> _Stored dataset items_:
<<<<

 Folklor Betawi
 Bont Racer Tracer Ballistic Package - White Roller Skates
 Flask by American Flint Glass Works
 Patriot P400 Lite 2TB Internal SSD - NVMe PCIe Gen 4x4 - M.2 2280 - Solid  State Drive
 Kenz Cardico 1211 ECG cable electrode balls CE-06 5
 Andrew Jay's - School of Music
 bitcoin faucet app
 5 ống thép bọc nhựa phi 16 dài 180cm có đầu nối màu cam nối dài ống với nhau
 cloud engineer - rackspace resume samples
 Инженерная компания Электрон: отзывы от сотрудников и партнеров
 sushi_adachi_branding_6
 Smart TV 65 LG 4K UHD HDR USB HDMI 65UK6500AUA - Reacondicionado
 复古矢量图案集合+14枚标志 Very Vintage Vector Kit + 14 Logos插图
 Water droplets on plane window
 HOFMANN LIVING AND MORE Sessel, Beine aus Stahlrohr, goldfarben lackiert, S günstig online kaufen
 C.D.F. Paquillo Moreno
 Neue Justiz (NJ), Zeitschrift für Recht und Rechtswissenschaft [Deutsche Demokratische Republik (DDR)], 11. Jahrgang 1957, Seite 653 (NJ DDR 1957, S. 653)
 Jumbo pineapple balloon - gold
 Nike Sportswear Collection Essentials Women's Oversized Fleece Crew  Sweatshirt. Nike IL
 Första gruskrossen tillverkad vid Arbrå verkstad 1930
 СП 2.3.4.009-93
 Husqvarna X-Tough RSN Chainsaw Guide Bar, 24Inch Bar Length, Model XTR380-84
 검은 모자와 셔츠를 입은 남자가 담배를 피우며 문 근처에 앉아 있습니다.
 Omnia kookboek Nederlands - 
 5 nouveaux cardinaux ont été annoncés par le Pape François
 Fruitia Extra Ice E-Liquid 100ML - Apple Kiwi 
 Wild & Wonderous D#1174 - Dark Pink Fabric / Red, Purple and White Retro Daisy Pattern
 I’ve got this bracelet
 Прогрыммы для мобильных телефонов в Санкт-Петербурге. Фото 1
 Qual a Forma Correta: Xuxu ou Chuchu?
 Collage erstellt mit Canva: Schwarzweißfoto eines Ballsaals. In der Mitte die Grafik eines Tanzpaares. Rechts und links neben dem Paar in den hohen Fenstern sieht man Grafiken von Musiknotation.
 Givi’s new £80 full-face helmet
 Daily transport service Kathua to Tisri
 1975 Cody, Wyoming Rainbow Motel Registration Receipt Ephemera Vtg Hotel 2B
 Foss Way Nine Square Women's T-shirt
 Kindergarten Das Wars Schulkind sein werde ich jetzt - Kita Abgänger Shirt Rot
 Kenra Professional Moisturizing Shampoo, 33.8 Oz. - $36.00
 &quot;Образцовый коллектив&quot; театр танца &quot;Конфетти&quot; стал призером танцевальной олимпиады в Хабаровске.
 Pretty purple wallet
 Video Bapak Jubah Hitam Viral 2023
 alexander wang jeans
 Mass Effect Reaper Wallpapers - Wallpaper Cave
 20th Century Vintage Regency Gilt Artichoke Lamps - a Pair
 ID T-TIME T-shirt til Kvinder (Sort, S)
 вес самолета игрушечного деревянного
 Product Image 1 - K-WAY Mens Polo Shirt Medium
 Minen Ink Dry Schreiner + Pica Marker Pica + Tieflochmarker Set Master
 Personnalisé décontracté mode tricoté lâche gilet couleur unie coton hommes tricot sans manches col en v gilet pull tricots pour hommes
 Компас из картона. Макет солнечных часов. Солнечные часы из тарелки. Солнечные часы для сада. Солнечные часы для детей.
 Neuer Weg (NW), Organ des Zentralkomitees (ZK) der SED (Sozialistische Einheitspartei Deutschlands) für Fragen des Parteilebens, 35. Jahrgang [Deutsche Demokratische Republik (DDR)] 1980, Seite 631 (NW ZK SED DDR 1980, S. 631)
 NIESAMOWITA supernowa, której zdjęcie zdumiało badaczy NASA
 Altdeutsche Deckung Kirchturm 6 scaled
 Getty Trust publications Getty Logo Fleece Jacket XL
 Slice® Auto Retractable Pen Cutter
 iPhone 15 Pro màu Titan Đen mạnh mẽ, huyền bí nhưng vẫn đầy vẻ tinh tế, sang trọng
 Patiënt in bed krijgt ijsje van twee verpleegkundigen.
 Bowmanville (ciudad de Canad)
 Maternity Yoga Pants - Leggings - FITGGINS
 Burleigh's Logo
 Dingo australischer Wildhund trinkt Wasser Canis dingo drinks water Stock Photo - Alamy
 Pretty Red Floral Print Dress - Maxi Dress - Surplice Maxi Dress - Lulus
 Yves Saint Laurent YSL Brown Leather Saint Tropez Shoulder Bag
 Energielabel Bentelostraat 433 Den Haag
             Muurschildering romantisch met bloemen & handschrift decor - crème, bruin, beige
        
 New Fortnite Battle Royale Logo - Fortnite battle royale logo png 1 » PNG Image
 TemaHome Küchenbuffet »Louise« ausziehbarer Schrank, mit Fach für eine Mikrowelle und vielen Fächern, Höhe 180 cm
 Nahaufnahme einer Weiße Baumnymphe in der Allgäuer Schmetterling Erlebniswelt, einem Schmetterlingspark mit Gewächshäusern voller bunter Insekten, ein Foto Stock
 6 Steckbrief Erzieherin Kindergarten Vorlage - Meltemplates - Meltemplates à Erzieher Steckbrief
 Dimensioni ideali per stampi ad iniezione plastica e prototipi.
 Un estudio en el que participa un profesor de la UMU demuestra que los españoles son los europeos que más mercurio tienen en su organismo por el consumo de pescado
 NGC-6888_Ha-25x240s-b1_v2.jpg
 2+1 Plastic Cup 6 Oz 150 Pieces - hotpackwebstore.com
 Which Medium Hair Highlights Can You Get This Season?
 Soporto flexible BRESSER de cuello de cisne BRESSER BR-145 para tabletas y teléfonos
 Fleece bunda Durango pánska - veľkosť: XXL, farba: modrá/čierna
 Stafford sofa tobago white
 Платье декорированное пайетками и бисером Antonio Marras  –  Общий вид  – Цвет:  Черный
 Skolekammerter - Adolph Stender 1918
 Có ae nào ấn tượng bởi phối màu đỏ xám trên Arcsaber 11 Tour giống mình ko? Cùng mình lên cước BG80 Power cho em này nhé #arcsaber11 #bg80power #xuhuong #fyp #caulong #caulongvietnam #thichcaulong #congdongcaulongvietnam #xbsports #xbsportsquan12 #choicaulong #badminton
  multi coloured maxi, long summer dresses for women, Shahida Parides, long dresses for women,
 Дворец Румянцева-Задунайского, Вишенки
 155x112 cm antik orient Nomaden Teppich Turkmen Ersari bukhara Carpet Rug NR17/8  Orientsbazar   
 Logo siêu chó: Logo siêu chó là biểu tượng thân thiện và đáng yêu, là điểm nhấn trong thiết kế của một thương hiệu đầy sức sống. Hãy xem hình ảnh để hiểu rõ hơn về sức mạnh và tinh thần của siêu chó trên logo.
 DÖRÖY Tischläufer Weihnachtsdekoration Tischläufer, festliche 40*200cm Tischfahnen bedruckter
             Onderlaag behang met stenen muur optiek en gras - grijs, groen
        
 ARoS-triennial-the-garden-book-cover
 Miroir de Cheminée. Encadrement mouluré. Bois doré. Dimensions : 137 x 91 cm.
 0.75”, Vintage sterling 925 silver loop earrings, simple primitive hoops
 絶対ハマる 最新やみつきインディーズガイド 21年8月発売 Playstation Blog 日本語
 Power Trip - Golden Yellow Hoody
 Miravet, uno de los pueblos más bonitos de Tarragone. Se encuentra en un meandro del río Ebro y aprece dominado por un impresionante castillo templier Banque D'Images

>>>>

> _What to produce_: The answer must consist of every line above that holds the string "Kindergarten", copied exactly.

> _Finished task_:
 Kindergarten Das Wars Schulkind sein werde ich jetzt - Kita Abgänger Shirt Rot
 6 Steckbrief Erzieherin Kindergarten Vorlage - Meltemplates - Meltemplates à Erzieher Steckbrief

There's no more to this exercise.